Two point clouds can be mapped by a Euclidean transformation $f$ with rotation matrix $\mathbf{R}$ and translation vector $\mathbf{t}$

$f_{\mathbf{R}, \mathbf{t}}(\mathbf{x}) = \mathbf{R} \mathbf{x} + \mathbf{t}$

that maps from the second cloud to the first, parametrised by the rotation angles and translation components.

The algorithm registers the two point clouds by optimising the parameters of the transformation that maps the second cloud to the first, with respect to a loss function based on the NDT of the first point cloud, solving the following problem

$\arg\min_{\mathbf{R}, \mathbf{t}} \left\{ -\sum_i \operatorname{NDT} \left( f_{\mathbf{R}, \mathbf{t}} \left( \mathbf{x_i} \right) \right) \right\}$

where the loss function represents the negated likelihood, obtained by applying the transformation to all points in the second cloud and summing the value of the NDT at each transformed point $f_{\mathbf{R}, \mathbf{t}}(\mathbf{x})$. The loss is piecewise continuous and differentiable, and can be optimised with gradient-based methods (in the original formulation, the authors use Newton's method).

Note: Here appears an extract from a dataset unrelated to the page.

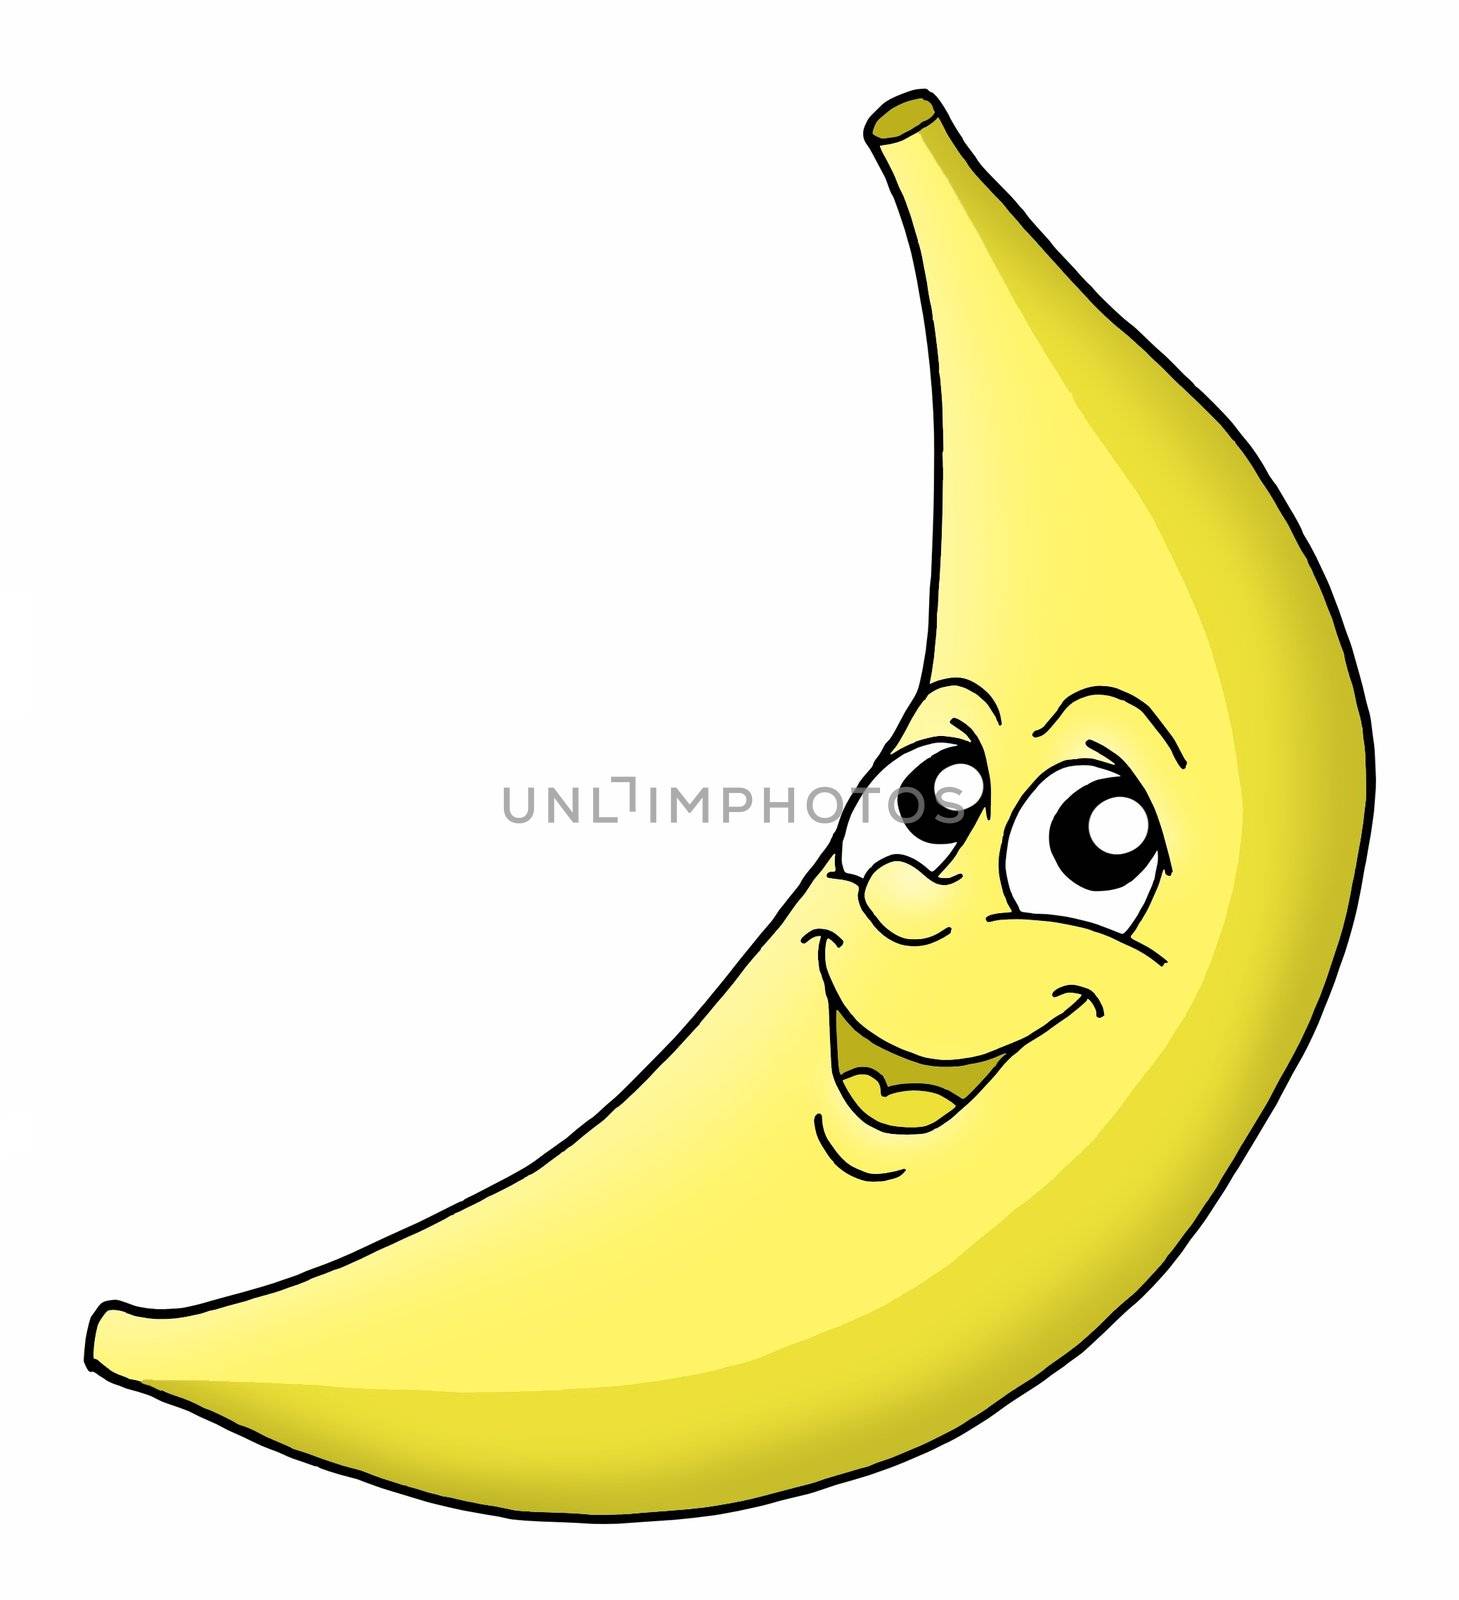 Smiling yellow banana - color illustration.

In order to reduce the effect of cell discretisation, a technique consists of partitioning the space into multiple overlapping grids, shifted by half cell size along the spatial directions, and computing the likelihood at a given location as the sum of the NDTs induced by each grid.

== Sources ==
- Biber, Peter (2003). "The normal distributions transform: A new approach to laser scan matching"
- Cheng, Liang (2018). "Registration of laser scanning point clouds: A review"
- Dong, Zhen (2020). "Registration of large-scale terrestrial laser scanner point clouds: A review and benchmark"
- Li, Leihui (2021). "A Tutorial Review on Point Cloud Registrations: Principle, Classification, Comparison, and Technology Challenges"
- Magnusson, Martin (2009). "The three-dimensional normal-distributions transform: an efficient representation for registration, surface analysis, and loop detection"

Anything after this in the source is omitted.